Quuxplusone / LLVMBugzillaTest

0 stars 0 forks source link

Regression with builtin_expect over multiple predicates #32308

Open Quuxplusone opened 7 years ago

Quuxplusone commented 7 years ago
Bugzilla Link PR33336
Status NEW
Importance P normal
Reported by Zachary Amsden (zamsden@cloudera.com)
Reported on 2017-06-06 17:52:07 -0700
Last modified on 2017-06-08 10:40:23 -0700
Version trunk
Hardware PC Linux
CC llvm-bugs@lists.llvm.org, t.p.northover@gmail.com, zamsden@cloudera.com
Fixed by commit(s)
Attachments file_33336.txt (459 bytes, text/plain)
file_33336.txt (671 bytes, text/plain)
Blocks
Blocked by
See also
Created attachment 18584
Reproducing case

Testing using an UNLIKELY macro built around builtin_expect found a regression
from 3.7 -> 3.8 that is still present in the 4.0 and likely trunk (untested)
branches of llvm.  The unlikely condition is not propagated to both sub-
expressions when combined with an OR clause.  Using multiple invocations of
such a macro gives the expected result.

Apparently the branch probabilities are no longer being propagated correctly to
child expressions.

I bisected llvm and clang in parallel on release_37 and release_38 branches to
find the responsible change and found this change to be responsible.  Seems
entirely plausible as it introduces a new branch:

    [JumpThreading] Split select that has constant conditions coming from the PHI node

    Look for PHI/Select in the same BB of the form

    bb:
      %p = phi [false, %bb1], [true, %bb2], [false, %bb3], [true, %bb4], ...
      %s = select p, trueval, falseval

    And expand the select into a branch structure.
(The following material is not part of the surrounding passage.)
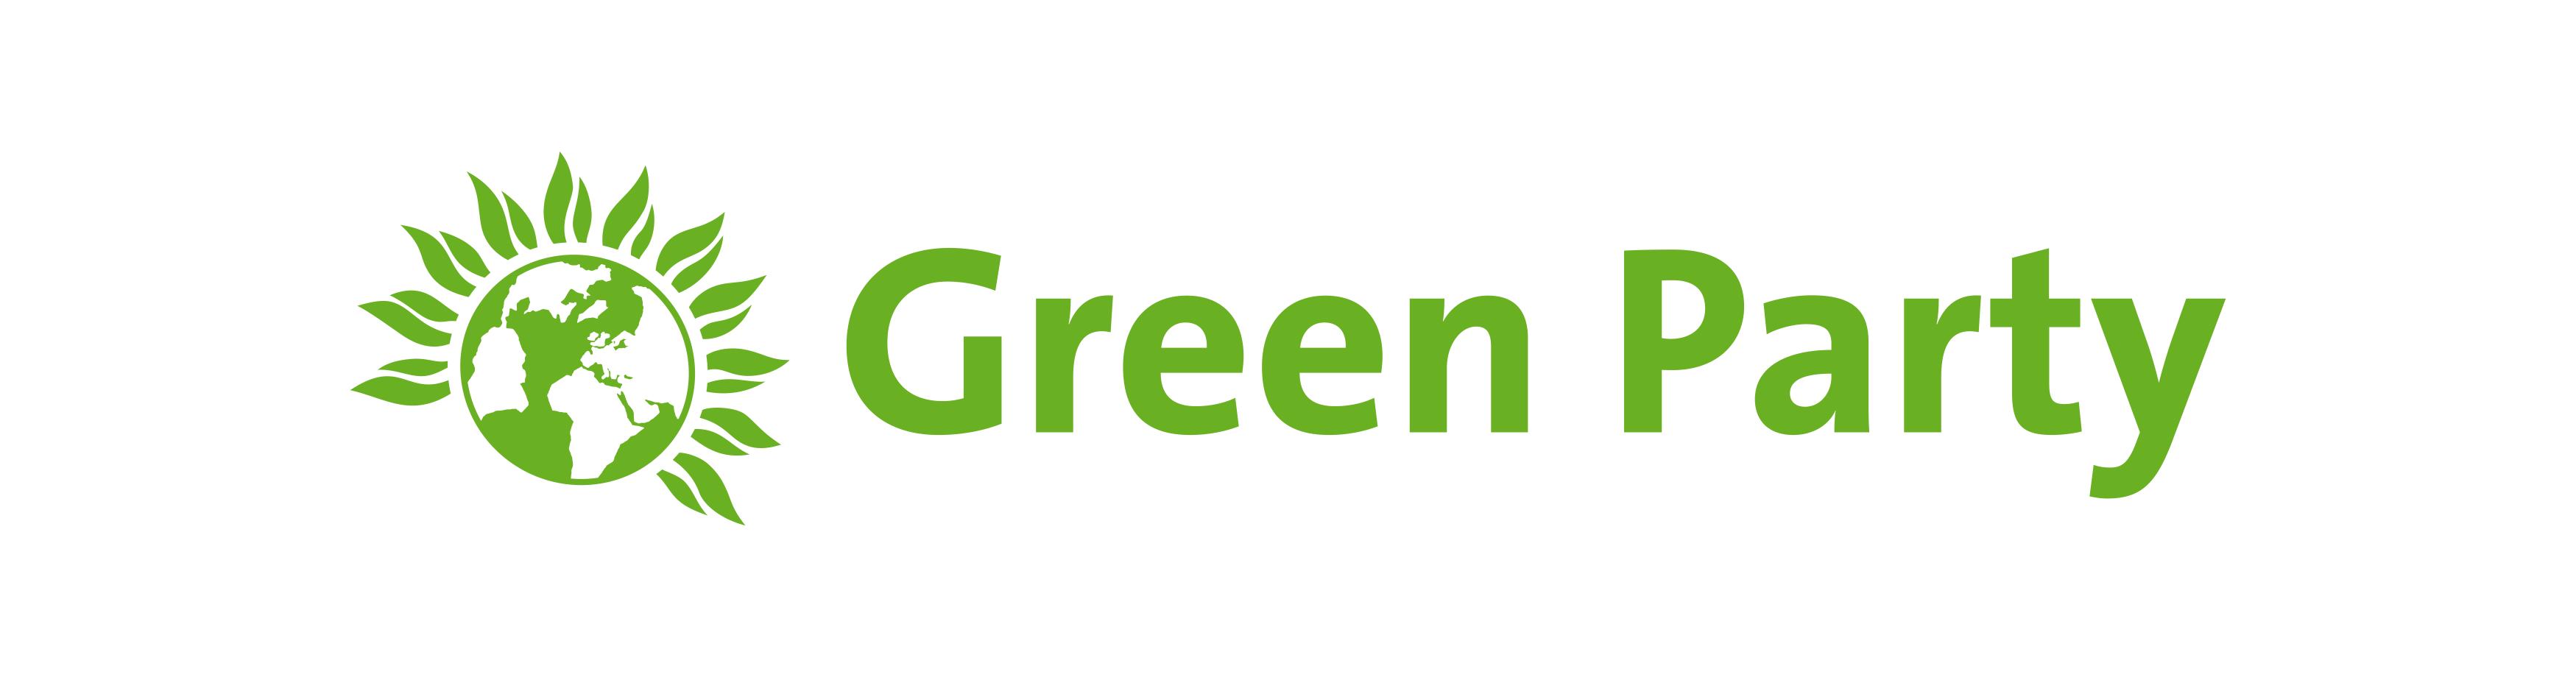 Green Party Visual Identity.

This later enables
    jump-threading over bb in this pass.

    Using the similar approach of SimplifyCFG::FoldCondBranchOnPHI(), unfold
    select if the associated PHI has at least one constant.  If the unfolded
    select is not jump-threaded, it will be folded again in the later
    optimizations.

    git-svn-id: https://llvm.org/svn/llvm-project/llvm/trunk@257198 91177308-0d34-0410-b5e6-96231b3b80d

Attached code which generates a reproduction - you can see the sub-optimal
branch generated in the asm output.  Let me know if you want IR output as well,
but this reproduces quite easily.  I copied my reproducing case verbatim, there
is almost certainly a more minimal case that doesn't involve floating point,
but this works reliably - Godbolt link: https://godbolt.org/g/vBwwQU
Quuxplusone commented 7 years ago

Attached file_33336.txt (459 bytes, text/plain): Reproducing case

Quuxplusone commented 7 years ago
It looks like the problem happens after CFG simplification.  We change the
control flow for the last block to:

lor.end:                                          ; preds = %lor.rhs, %entry
  %0 = phi i1 [ true, %entry ], [ %cmp, %lor.rhs ]
  %. = select i1 %0, i1 true, i1 false
  ret i1 %.

This in turn gets jump-threaded, which does not seem advantageous, since the
target in this case is simply a return.
Quuxplusone commented 7 years ago

Attached file_33336.txt (671 bytes, text/plain): Minimal fix